The 21st Century is brilliant for some, and bloody awful for others.

A new report (featured in The National today) shows that in Angus (Forfarshire, as was) more than one in three jobs are paid less than the Living Wage. This is rural in-work poverty. Women are almost twice as likely as men to be paid below the Living Wage across the UK outside London, and 60% of young people age 18-24 are earning less than the Living Wage. People working in hotels, restaurants, shops and agriculture or fishing are all likely to be earning less. Put these factors together and you end up in one place, the county of Angus.

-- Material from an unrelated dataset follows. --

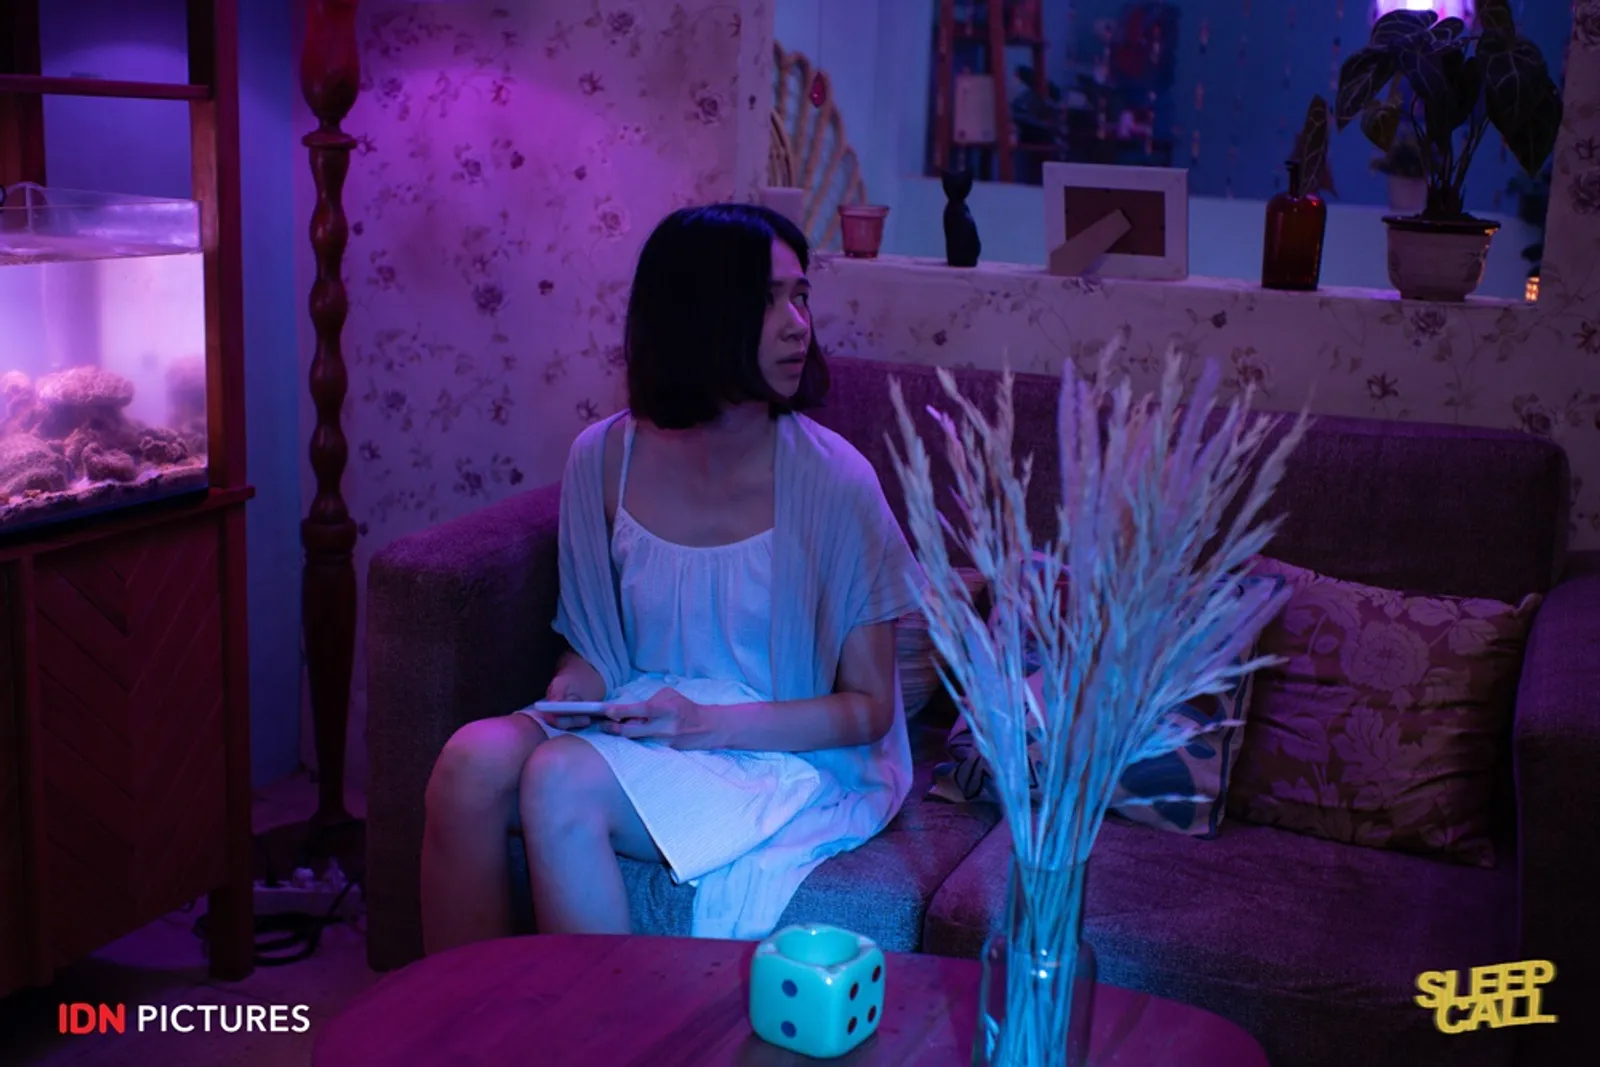 7+ Isu Sosial yang Diangkat dalam Film 'Sleep Call'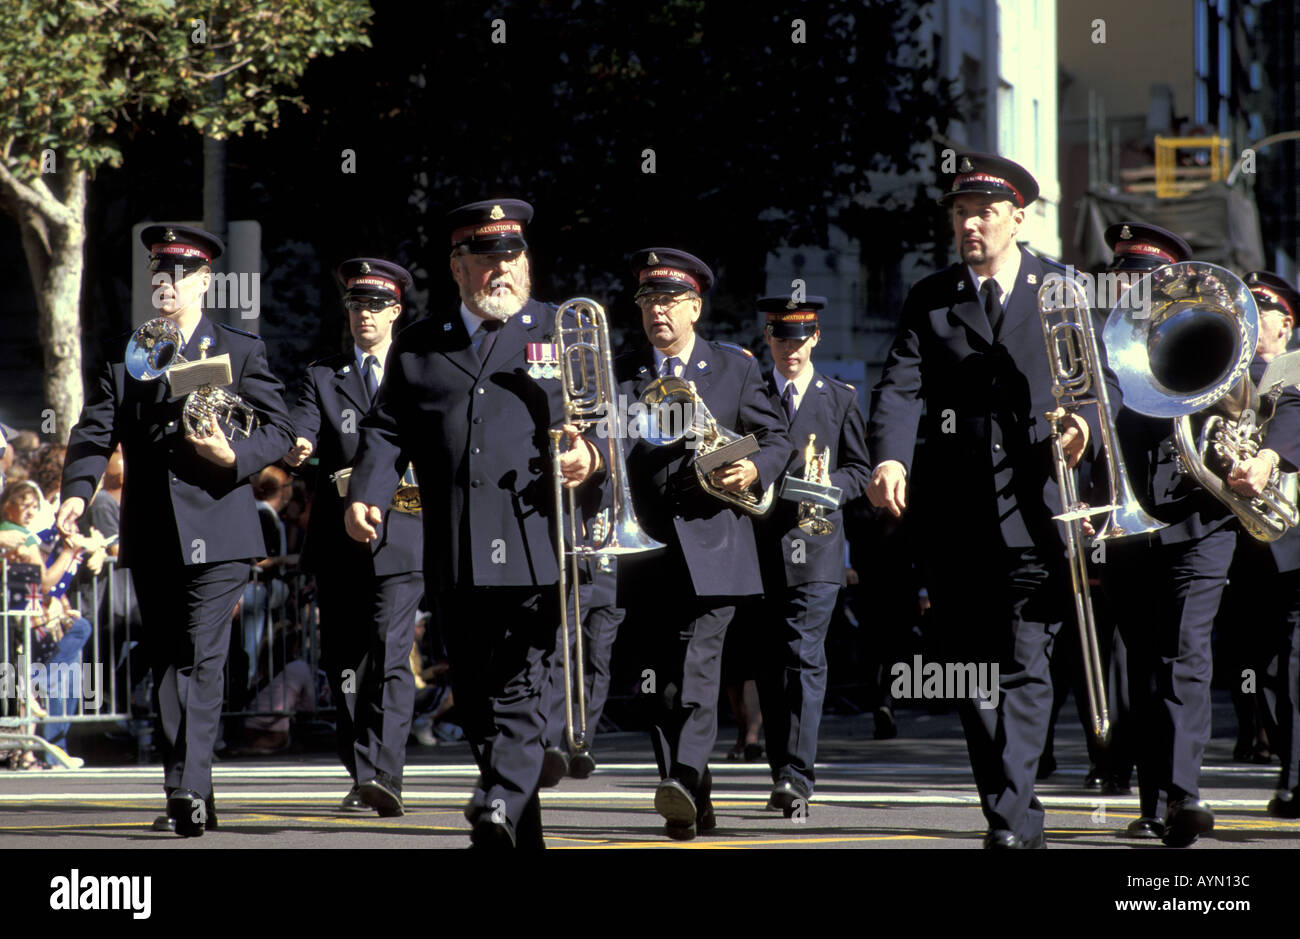 25 avril 2004 Anzac Day Parade Sydney NSW Australie Marching Band de l'Armée du salut et de jouer à travers les rues de Sydney Banque D'Images

This is in the context that Scotland is doing better than the rest of the UK in reducing under-Living Wage jobs. In 2014, 19% of jobs in Scotland were below the Living Wage - compared with almost 26% in Yorkshire or the East Midlands. The Scottish Government has done well to promote the Living Wage.

But it is time to stop. Time to adjust our Scottish economy so that poor working people in Angus, East Renfrewshire and the rest of Scotland earn a decent wage. 

As always with poverty the fight is against a many-headed Hydra - education, legislation, tax and fiscal changes, benefits changes... It's a complex task requiring a clear political focus on poverty over a long period.  Westminster can't be bothered; Angus is a very, very long way away and anyway, their Tory votes are won in the South East (see map, above).

An independent Scotland could take that fight to the Hydra. It will require the brave hearts of all of Scotland.